Cuando llegaste a Nicaragua creías conocer los niños de la guerra. Venías de aquella otra y con los años descubriste cuanto, lamentablemente, podían parecerse. También con los años aprendiste lo peligroso que podían llegar a ser. Mientras tú jugabas con pistolas de aluminio o plástico, otros como tú cargaban armas más grandes que ellos mismos.
Casi
treinta años después, cuando lograste entrar en el barrio de Bel-air, allá en
Puerto Príncipe, y te sentaron en un banco de madera en un patio de tierra,
contra una pared descascarada, tu amigo y tú pensaron inevitablemente que
serían ejecutados. La imagen de un hombre viejo, cansado y de machete en mano
contrastaba con la del niño a su lado que revoloteaba impaciente la cuarenta y
cinco mirándolo-mirándote insistentemente como pidiéndole permiso.
Pero
entonces nada sabías de eso. El dolor de tus primeros muertos te llevó hacia
esa guerra verde. Y agradecías que fuera así; no habías querido morir en la
tierra reseca de África; te estremeció el cementerio improvisado donde al
atardecer se levantaba aquel polvo rojizo y donde te despediste por primera vez
de tus amigos el día de tu partida.
Y aquí,
uno de esos niños casi te vacía el cargador la primera noche cuando te bajaste
de la hamaca y saliste a un claro para fumar; error que no volviste a cometer.
Luego
te dijeron que te veías raro con esa cámara y el kalashnikov que no soltabas.

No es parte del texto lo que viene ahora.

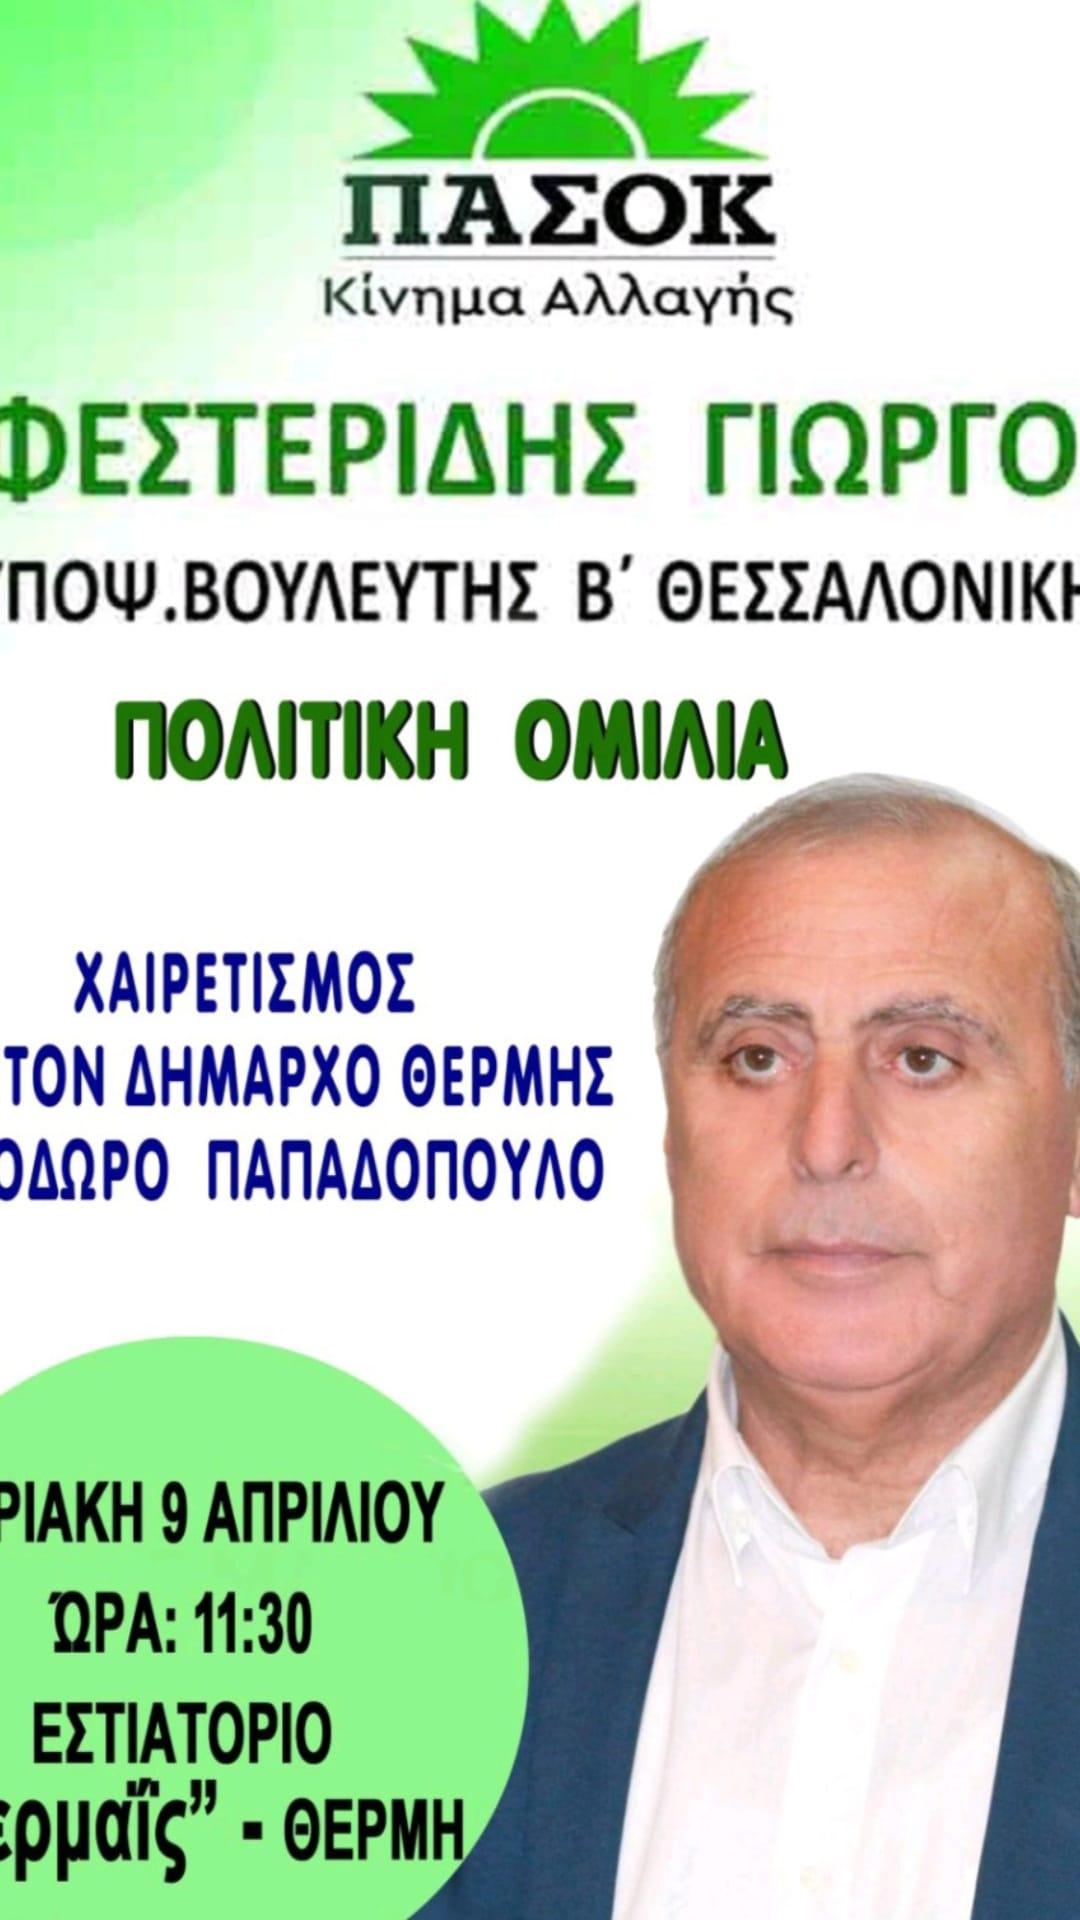 ΣΗΜΕΡΑ ΣΤΙΣ 11:30: Ο Γιώργος Φεστερίδης μιλά στη Θέρμη-Χαιρετίζει ο δήμαρχος Θόδωρος Παπαδόπουλος

Te veías raro, seguramente, porque en la prisa y a falta de uniforme, llevabas
el mismo pantalón de camuflaje que usaste en Angola; y porque eras más alto, y
más rubio, y porque hace poco habían tumbado el avión de Hassenfuss, y el
piloto mercenario se veía ridículo, manos atadas por una soga cualquiera;
conducido como buey manso por dos adolescentes que no le llegaban al hombro.
Y a ti
te llamaban la atención esos niños, y aprendiste que les llamaban “cachorros”,
que muchos eran los únicos sobrevivientes de alguna matanza de la Contra; que a
otros, los padres preferían tenerlos ubicados, de tanto que se escapaban para
rogar les admitiesen en algún Batallón de Lucha Irregular.
Pero
contigo no hablaban. No lo hicieron durante días; hasta que te hiciste esa tonta
herida en la mano y alguno te oyó soltar una grosería en el buen cubano que
hasta ese momento pretendiste esconder.
Había
duda en sus ojos, y algo parecido a la vergüenza cuando te preguntó y le
confirmaste que eras cubano. Todos pensaban que usted era ruso – dijo luego.
Y su
mirada cambió esa vergüenza por dolor; uno que apenas pudiste adivinar. Quiso
darte la mano antes de explicarte.
A poco
de llegar a ese batallón, cuando cansados de verle nuevamente, dejaron ya de
mandarlo de regreso a casa, llegó un médico cubano que recorrió con ellos los
trechos. Nunca supo cómo llegó ahí, ni cómo lo hiciste tú ni por qué. No le
hablaba, como casi nadie lo hizo contigo durante muchos días; pero el médico
estaba cerca de él en cada combate. Sólo le veía retrasarse cuando algún
muchacho caía herido y el intentar ayudarle le retenía.
Un día
en que se trasladaban en camiones hacia otra zona, cayeron en una emboscada de
la Contra. Blanco fácil como eran encima de los vehículos, se paralizó viendo
caer a sus amigos. Sintió entonces que lo agarraban de la mochila y lo lanzaban
al piso. Un peso enorme le impidió moverse durante toda la refriega. Cuando
todo paró; tuvieron que quitarle al hombre de encima. El médico estaba muerto y
la suya había cubierto esa otra vida que apenas comenzaba.